Dataset records:
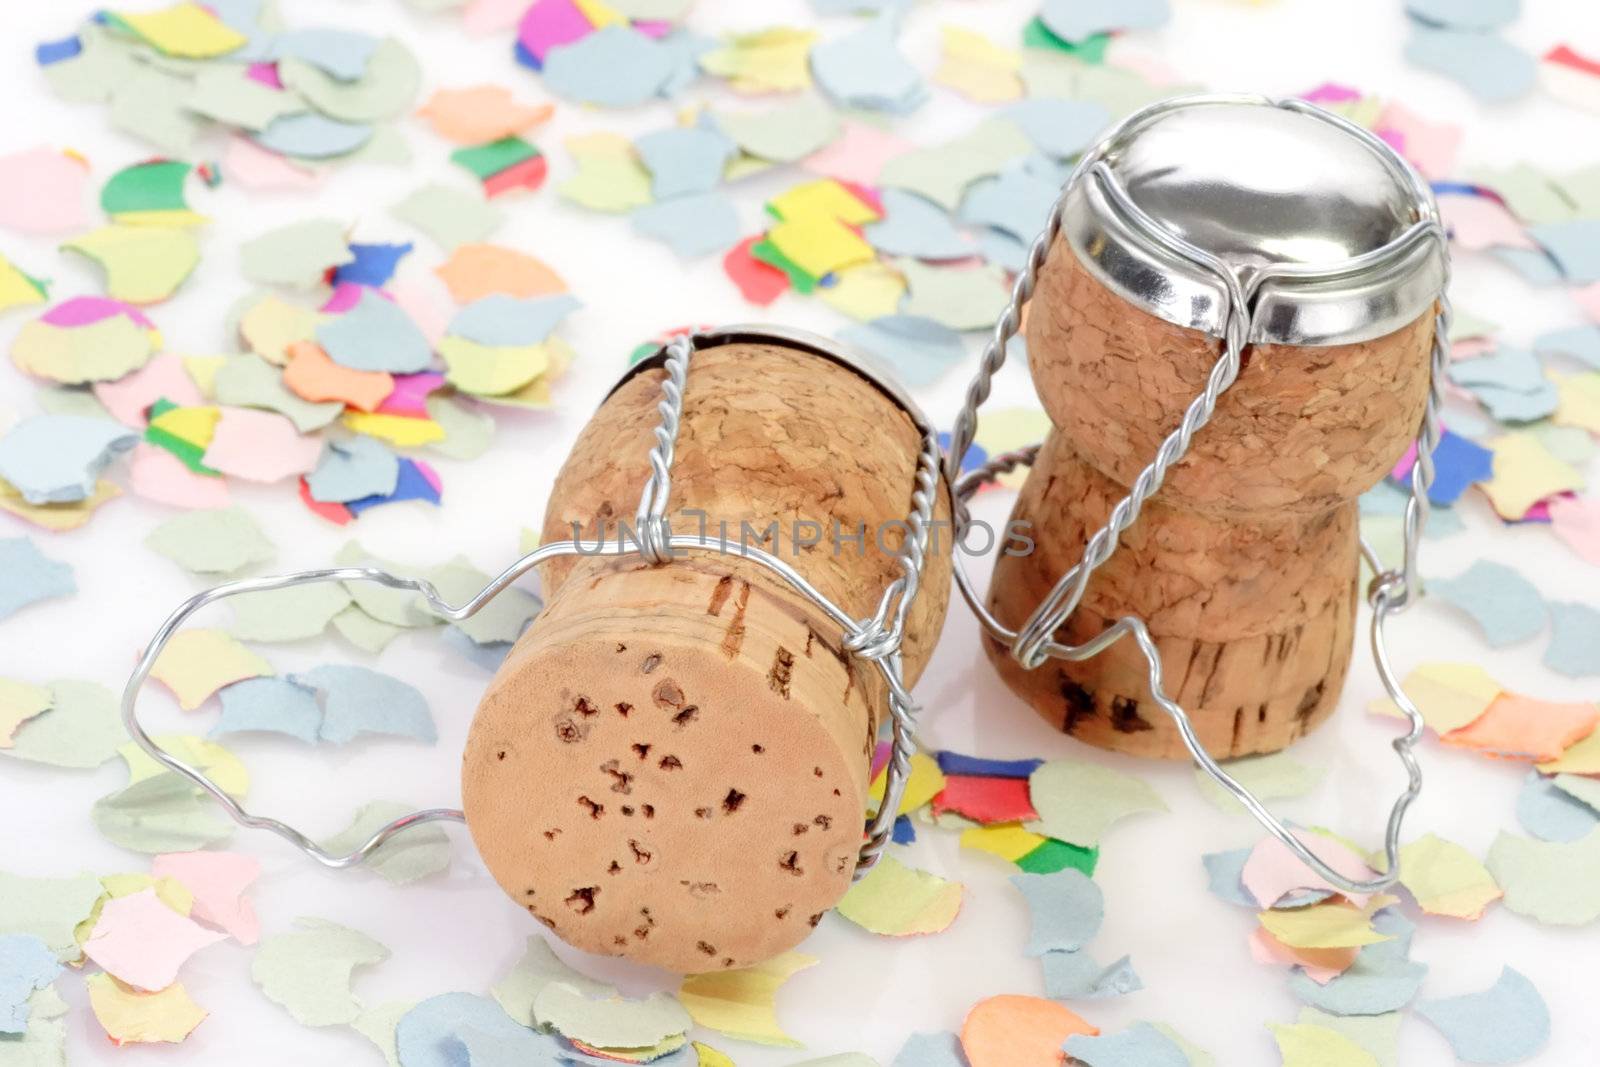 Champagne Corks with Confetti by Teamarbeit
* * *
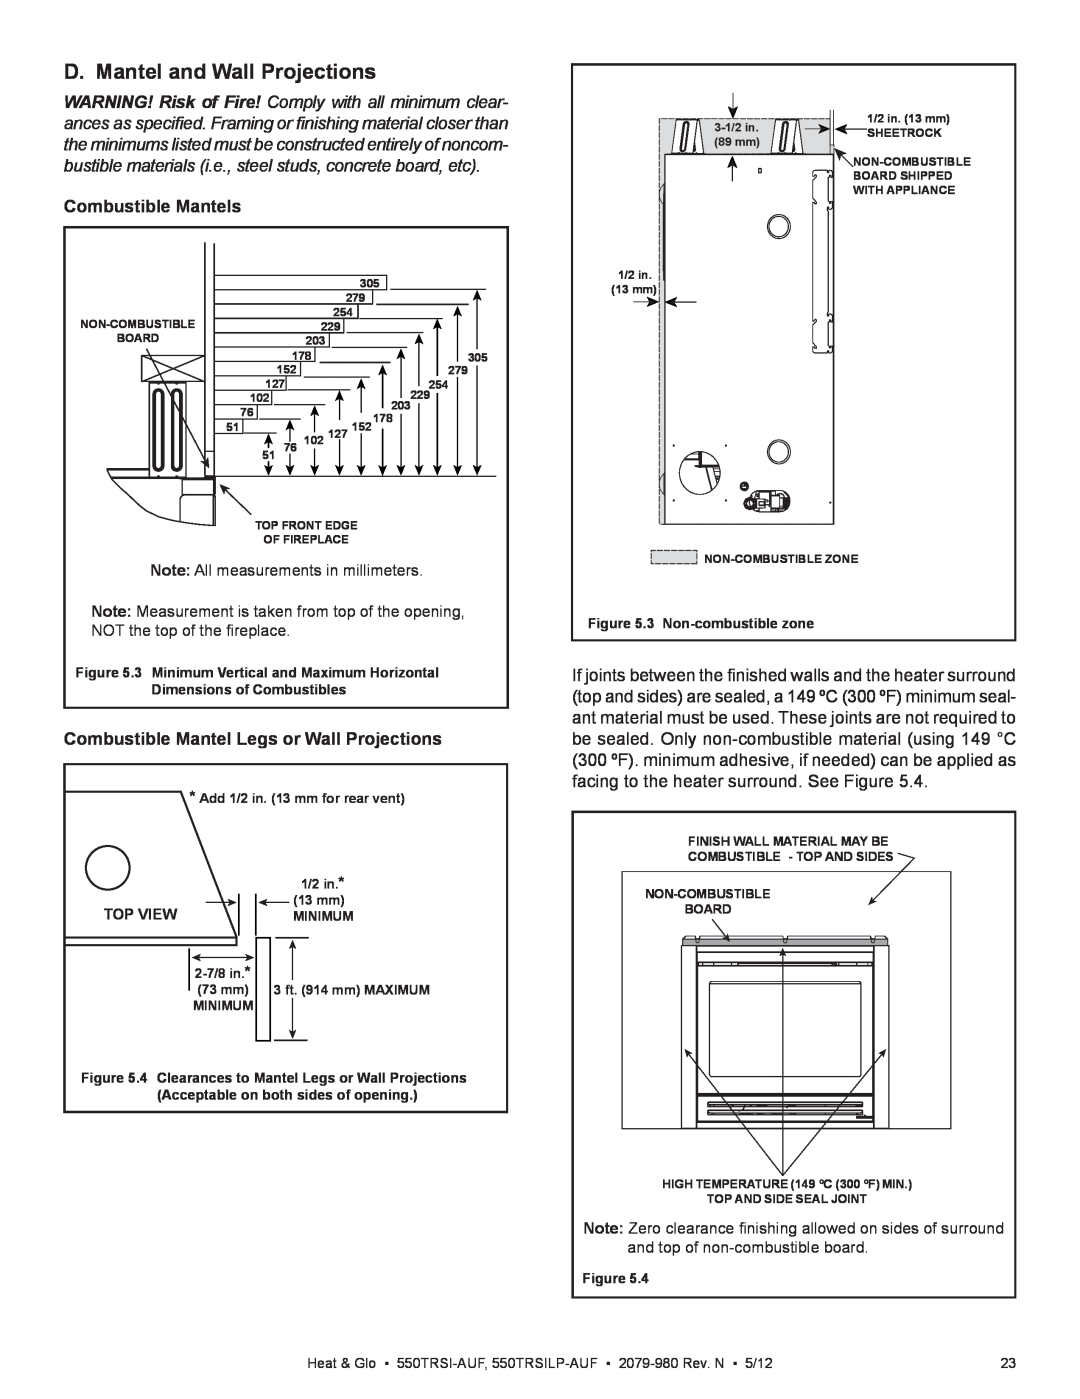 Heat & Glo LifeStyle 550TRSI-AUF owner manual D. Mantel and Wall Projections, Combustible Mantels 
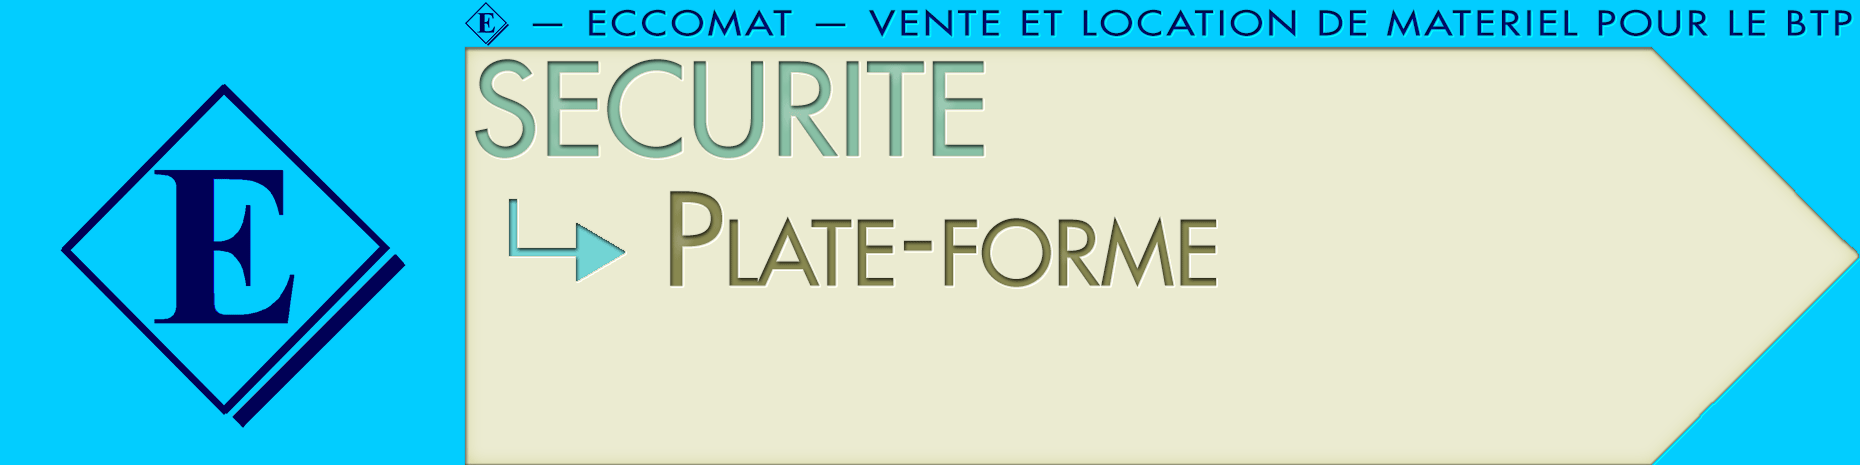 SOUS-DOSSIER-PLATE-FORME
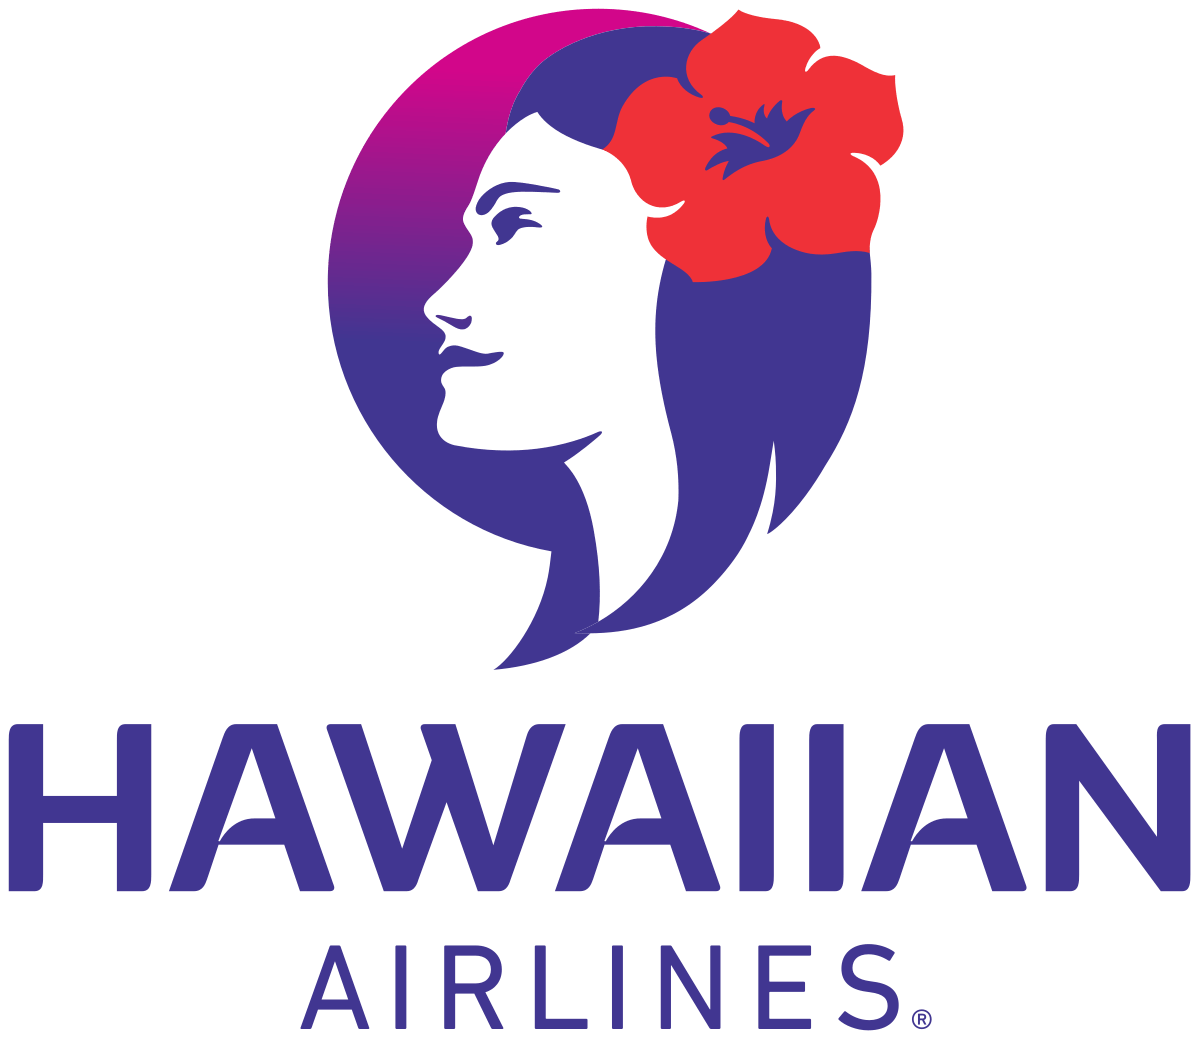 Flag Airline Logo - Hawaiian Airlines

Instructions to follow: What's needed is an exact copy of the records above from the line containing "Heat & Glo LifeStyle" down to the line containing "Flag Airline Logo - Hawaiian Airlines", both included, without any pictures.

Your solution:
 Heat & Glo LifeStyle 550TRSI-AUF owner manual D. Mantel and Wall Projections, Combustible Mantels 
 SOUS-DOSSIER-PLATE-FORME
 Flag Airline Logo - Hawaiian Airlines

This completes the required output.